Created a chunk of size 1012, which is longer than the specified 1000
Created a chunk of size 1096, which is longer than the specified 1000
Created a chunk of size 2214, which is longer than the specified 1000
Created a chunk of size 2222, which is longer than the specified 1000
Created a chunk of size 1673, which is longer than the specified 1000
Created a chunk of size 1465, which is longer than the specified 1000
Created a chunk of size 1069, which is longer than the specified 1000
Created a chunk of size 1233, which is longer than the specified 1000
Created a chunk of size 1518, which is longer than the specified 1000
Created a chunk of size 1467, which is longer than the specified 1000
Created a chunk of size 1397, which is longer than the specified 1000
Created a chunk of size 1001, which is longer than the specified 1000
Created a chunk of size 1927, which is longer than the specified 1000
Created a chunk of size 1375, which is longer than the specified 1000
Created a chunk of s

Number of chunks: 1730

Vector store successfully created.


## Load Vector Store
Reload the saved ChromaDB and HuggingFace embeddings.


In [4]:
embeddings = HuggingFaceEmbeddings(model_name="all-MiniLM-L6-v2")
db = Chroma(persist_directory=persistent_directory, embedding_function=embeddings)

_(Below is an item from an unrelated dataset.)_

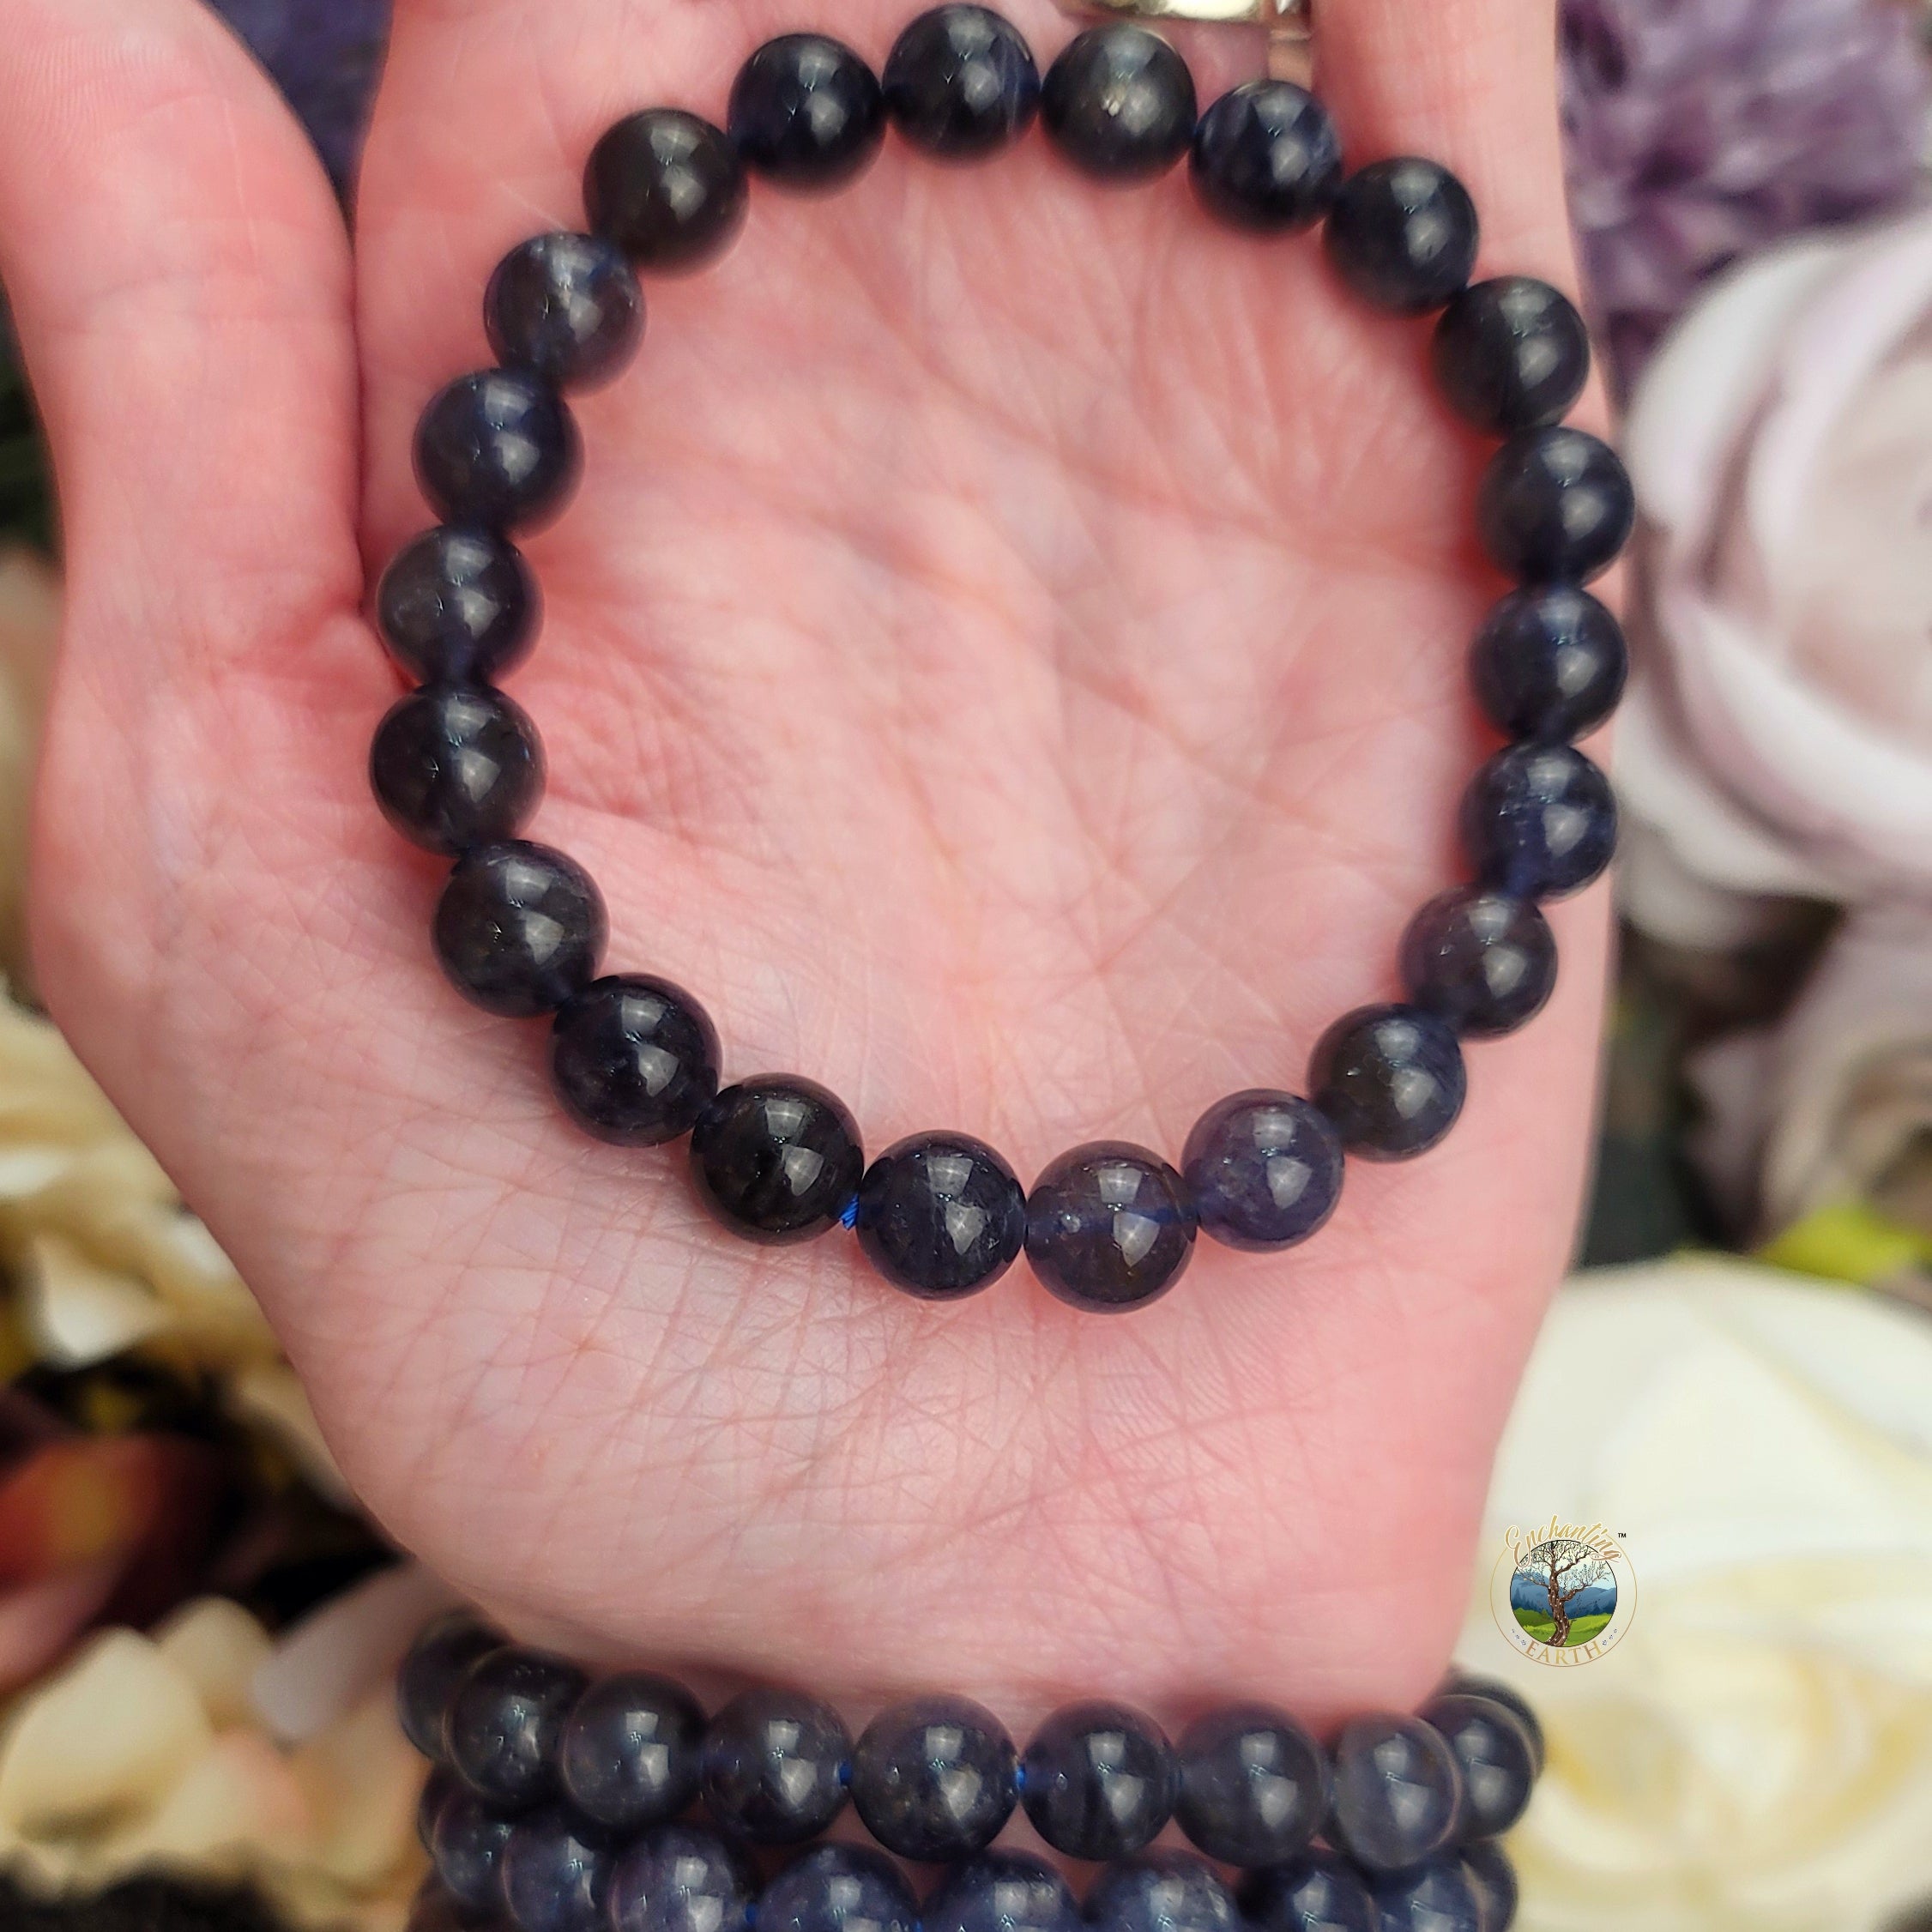 Iolite Flashy Bracelet (Gemmy & High Quality) for Sharp Intuition & Visions

  db = Chroma(persist_directory=persistent_directory, embedding_function=embeddings)


In [5]:
query = "What does Dracula fear the most?"

retriever = db.as_retriever(search_type="similarity", search_kwargs={"k": 3})
relevant_docs = retriever.invoke(query)

# Display relevant chunks
for i, doc in enumerate(relevant_docs, 1):
    print(f"Document {i} (from {doc.metadata['source']}):\n{doc.page_content}\n")


Document 1 (from Dracula.txt):
“Thus when we find the habitation of this man-that-was, we can confine
him to his coffin and destroy him, if we obey what we know. But he is
clever. I have asked my friend Arminius, of Buda-Pesth University, to
make his record; and, from all the means that are, he tell me of what he
has been. He must, indeed, have been that Voivode Dracula who won his
name against the Turk, over the great river on the very frontier of
Turkey-land. If it be so, then was he no common man; for in that time,
and for centuries after, he was spoken of as the cleverest and the most
cunning, as well as the bravest of the sons of the ‘land beyond the
forest.’ That mighty brain and that iron resolution went with him to his
grave, and are even now arrayed against us. The Draculas were, says
Arminius, a great and noble race, though now and again were scions who
were held by their coevals to have had dealings with the Evil One. They
learned his secrets in the Scholomance, amongst the 

## Generate Answer Using GPT-4o-mini
Pass the context and question to the OpenAI model to get an answer.


In [6]:
combined_input = (
    "Use only the following documents to answer the question.\n\n"
    + "\n\n".join([doc.page_content for doc in relevant_docs])
    + f"\n\nQuestion: {query}\n"
    + "Answer briefly. If the answer is not found, respond with 'I'm not sure'."
)

model = ChatOpenAI(
    model="openai/gpt-4o-mini",
    openai_api_key=os.getenv("GITHUB_TOKEN2"),
    openai_api_base="https://models.github.ai/inference"
)

messages = [
    SystemMessage(content="You are a helpful assistant."),
    HumanMessage(content=combined_input),
]

result = model.invoke(messages)
print("Generated Answer:\n", result.content)


Generated Answer:
 Dracula fears being confined to his coffin and destroyed, as indicated by the reference to banishing him from his tomb and the notion of the "Un-Dead" being defeated.


## Summary

- The notebook demonstrates a working RAG pipeline.
- Text data is chunked, embedded, and stored in a vector database.
- The query retrieves top-k similar chunks and uses them for LLM-based answering.
- This approach can be scaled to support PDFs, UI apps (Streamlit/Gradio), or multiple LLM backends.